De Jonghe Bernard, Bastuji-Garin Sylvie, Durand Marie-Christine, Malissin Isabelle, Rodrigues Pablo, Cerf Charles, Outin Hervé, Sharshar Tarek
Réanimation Médico-chirurgicale, Centre Hospitalier de Poissy-Saint-Germain en Laye, Poissy, France.
Crit Care Med. 2007 Sep;35(9):2007-15. doi: 10.1097/01.ccm.0000281450.01881.d8.
Although critical illness neuromyopathy might interfere with weaning from mechanical ventilation, its respiratory component has not been investigated. We designed a study to assess the level of respiratory muscle weakness emerging during the intensive care unit stay in mechanically ventilated patients and to examine the correlation between respiratory and limb muscle strength and the specific contribution of respiratory weakness to delayed weaning.
Prospective observational study.
Two medical, one surgical, and one medicosurgical intensive care units in two university hospitals and one university- affiliated hospital.
A total of 116 consecutive patients were enrolled after >or=7 days of mechanical ventilation.
None.
Maximal inspiratory and expiratory pressures and vital capacity were measured via the tracheal tube on the first day of return to normal consciousness. Muscle strength was measured using the Medical Research Council score. After standardized weaning, successful extubation was defined as the day from which mechanical ventilatory support was no longer required within the next 15 days. The median value (interquartile range) of maximal inspiratory pressure was 30 (20-40) cm H2O, maximal expiratory pressure was 30 (20-50) cm H2O, and vital capacity was 11.1 (6.3-19.8) mL/kg. Maximal inspiratory pressure, maximal expiratory pressure, and vital capacity were significantly correlated with the Medical Research Council score. The median time (interquartile range) from awakening to successful extubation was 6 (1-17) days. Low maximal inspiratory pressure (hazard ratio, 1.86; 95% confidence interval, 1.07-3.23), maximal expiratory pressure (hazard ratio, 2.18; 95% confidence interval, 1.44-3.84), and Medical Research Council score (hazard ratio, 1.96; 95% confidence interval, 1.27-3.02) were independent predictors of delayed extubation. Septic shock before awakening was significantly associated with respiratory weakness (odds ratio, 3.17; 95% confidence interval, 1.17-8.58).

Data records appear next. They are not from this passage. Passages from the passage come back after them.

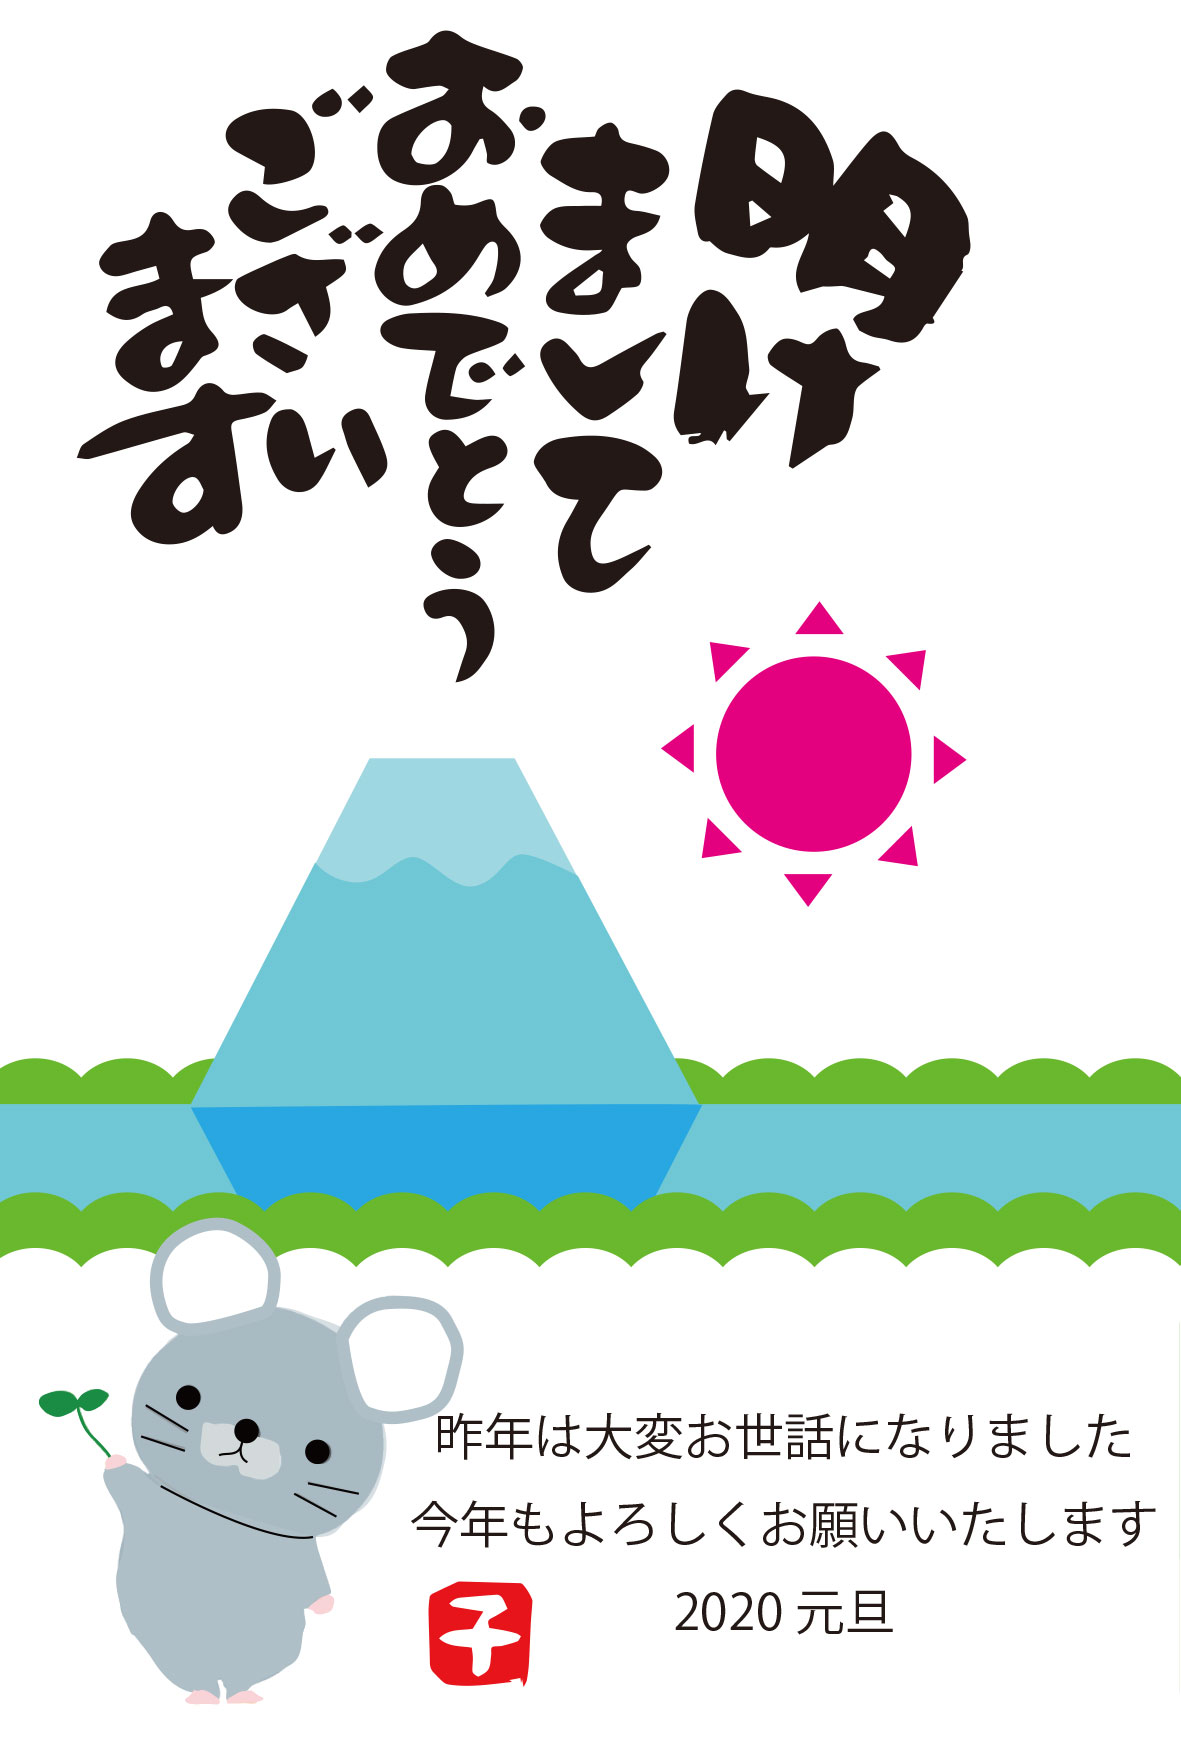 緑の葉を持ったかわいいネズミと富士山 初日の出の年賀状無料素材です 企業 ブランド等のロゴをillustrator Ai Eps形式 でトレース 無料ダウンロード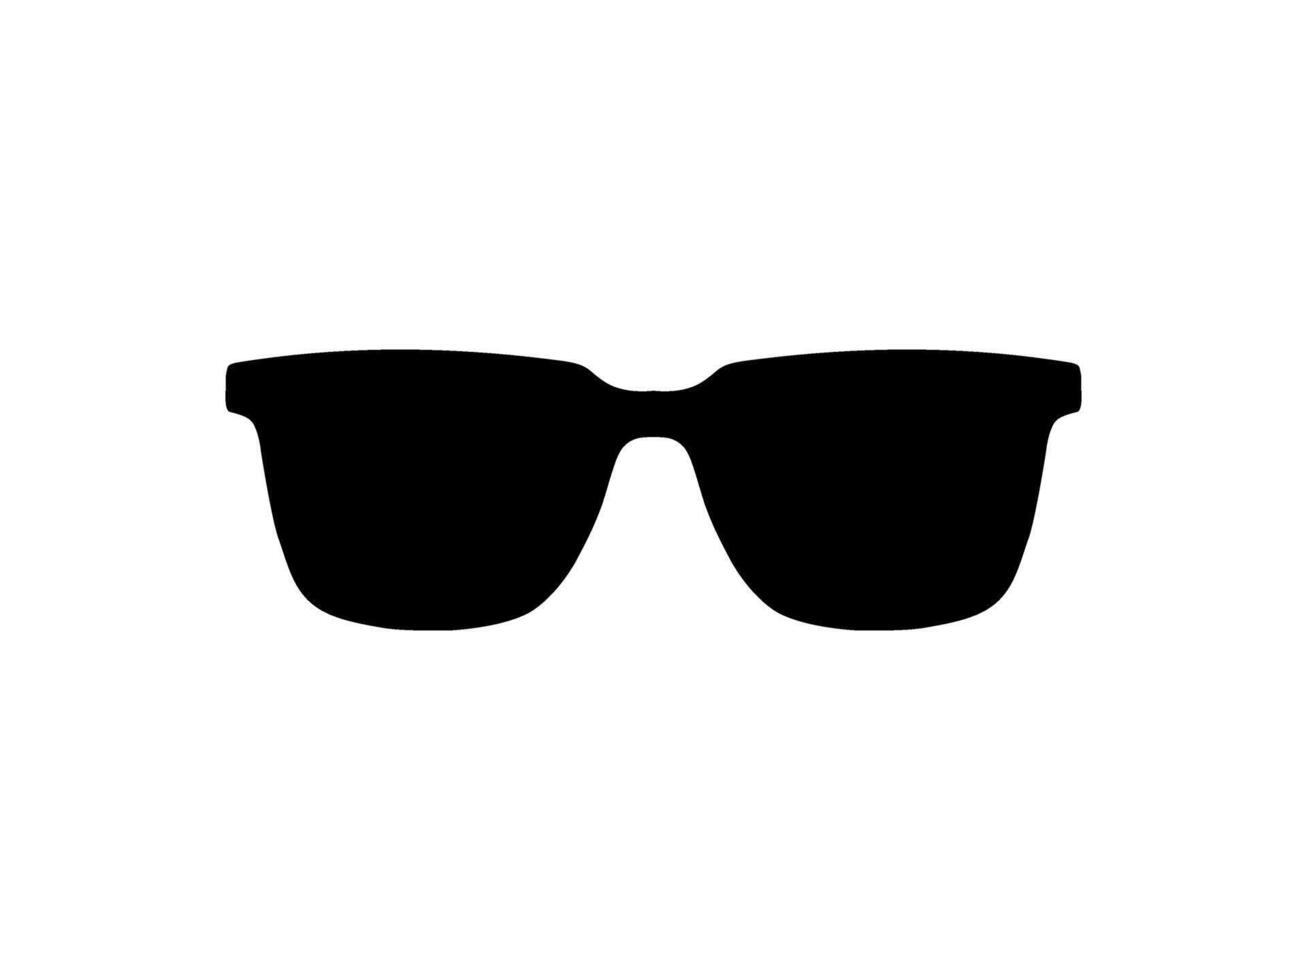 zon oog bril silhouet, pictogram, voorkant visie, vlak stijl, kan gebruik voor logo gram, appjes, kunst illustratie, sjabloon voor avatar profiel afbeelding, website, of grafisch ontwerp element. vector illustratie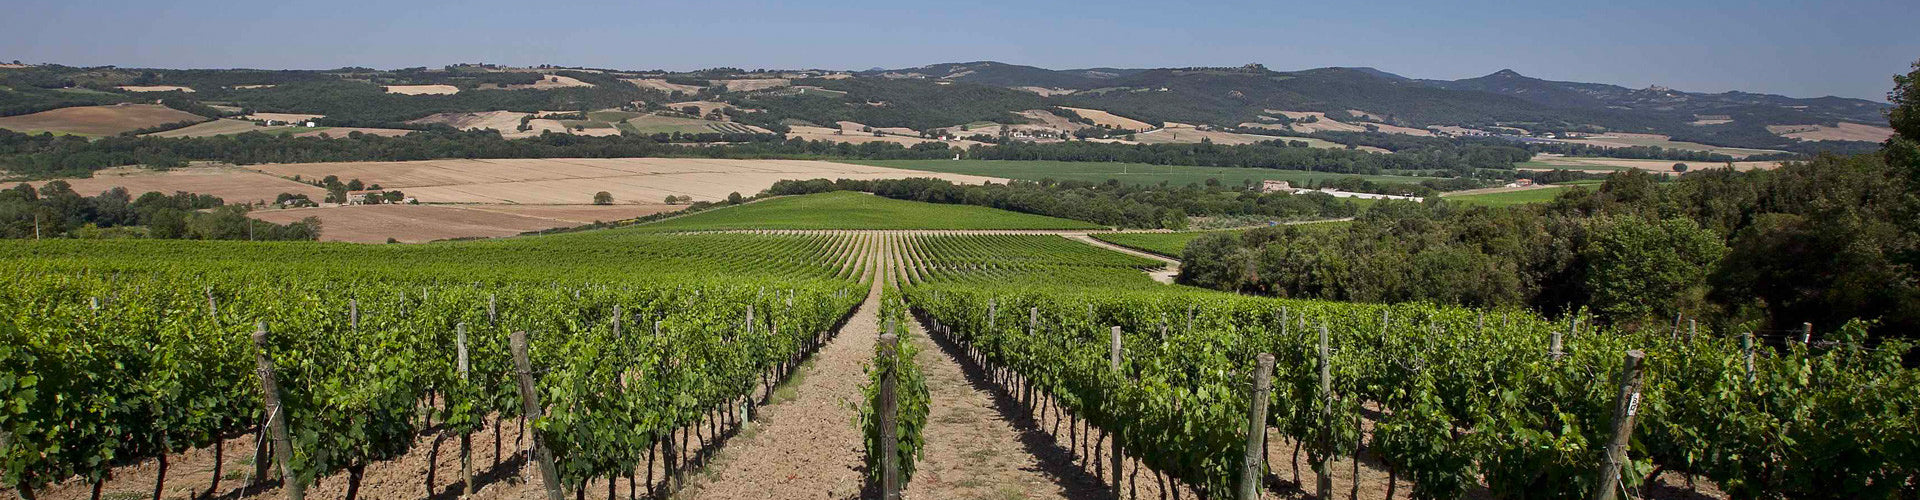 The vineyards of Antinori's Pian delle Vigne in Brunello di Montalcino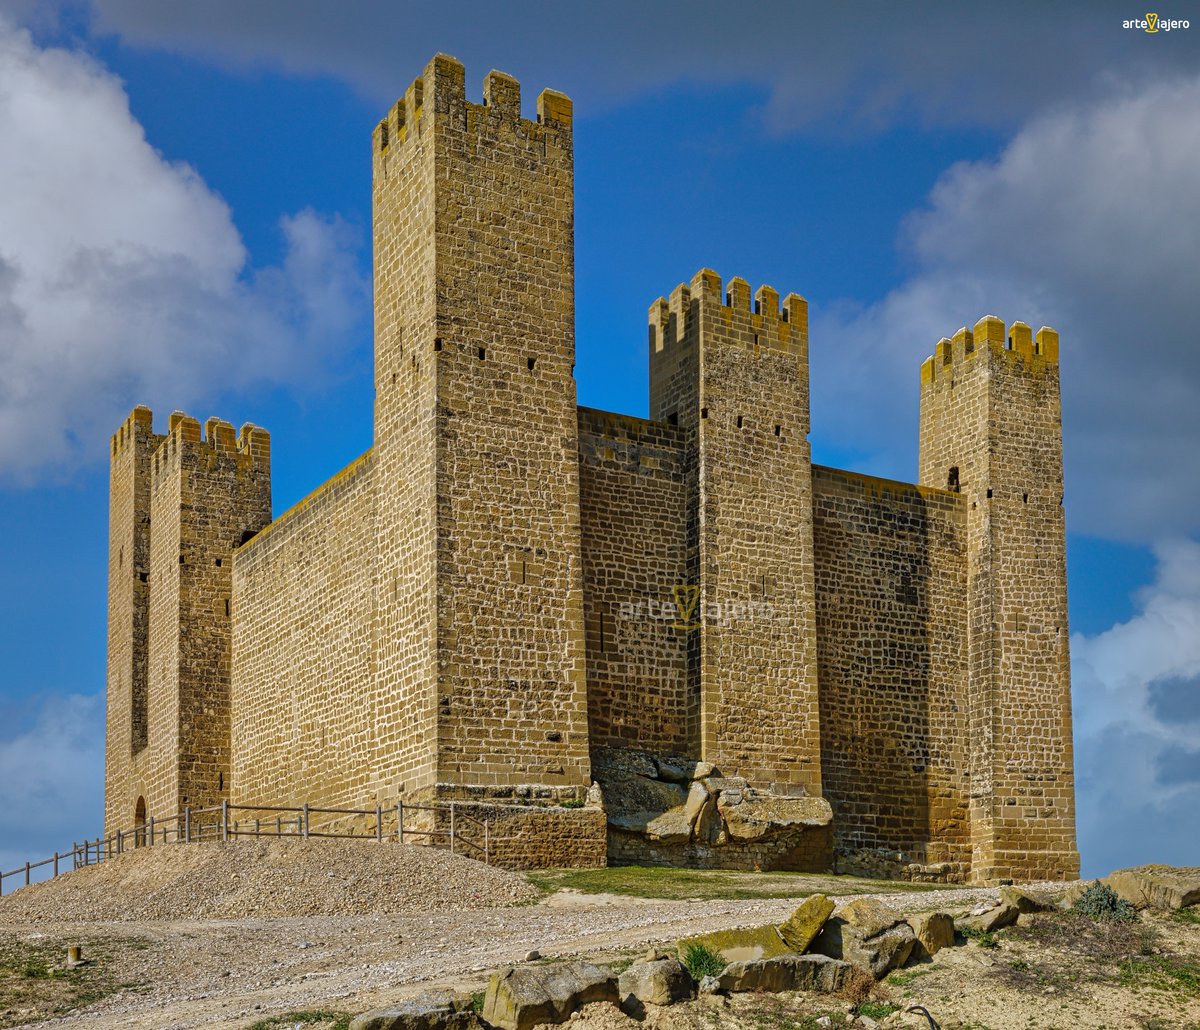 Castillo de Sádaba (Zaragoza), una de las fortalezas medievales mejor conservadas de #Aragón. Las primeras noticias del castillo se remontan al año 1125 aunque su fábrica corresponde al S. XIII #FelizMiercoles #BuenosDias

Respiratory and limb muscle strength are both altered after 1 wk of mechanical ventilation. Respiratory muscle weakness is associated with delayed extubation and prolonged ventilation. In our study, septic shock is a contributor to respiratory weakness.
尽管危重病性神经肌肉病可能会干扰机械通气的撤机过程,但其呼吸方面的影响尚未得到研究。我们设计了一项研究,以评估机械通气的重症监护病房患者在住院期间出现的呼吸肌无力程度,并研究呼吸肌与肢体肌肉力量之间的相关性,以及呼吸肌无力对延迟撤机的具体影响。
前瞻性观察性研究。
两所大学医院和一所大学附属医院的两个内科、一个外科及一个内外科重症监护病房。
共纳入116例机械通气≥7天的连续患者。
无。
在恢复正常意识的第一天,通过气管导管测量最大吸气压、最大呼气压和肺活量。使用医学研究委员会评分法测量肌肉力量。在标准化撤机后,成功拔管定义为在接下来15天内不再需要机械通气支持的日期。最大吸气压的中位数(四分位间距)为30(20 - 40)cmH₂O,最大呼气压为30(20 - 50)cmH₂O,肺活量为11.1(6.3 - 19.8)mL/kg。最大吸气压、最大呼气压和肺活量与医学研究委员会评分显著相关。从苏醒到成功拔管的中位时间(四分位间距)为6(1 - 17)天。低最大吸气压(风险比,1.86;95%置信区间,1.07 - 3.23)、最大呼气压(风险比,2.18;95%置信区间,1.44 - 3.84)和医学研究委员会评分(风险比,1.96;95%置信区间,1.27 - 3.02)是延迟拔管的独立预测因素。苏醒前的感染性休克与呼吸肌无力显著相关(比值比,3.17;95%置信区间,1.17 - 8.58)。
机械通气1周后,呼吸肌和肢体肌肉力量均发生改变。呼吸肌无力与延迟拔管和通气时间延长有关。在我们的研究中,感染性休克是呼吸肌无力的一个因素。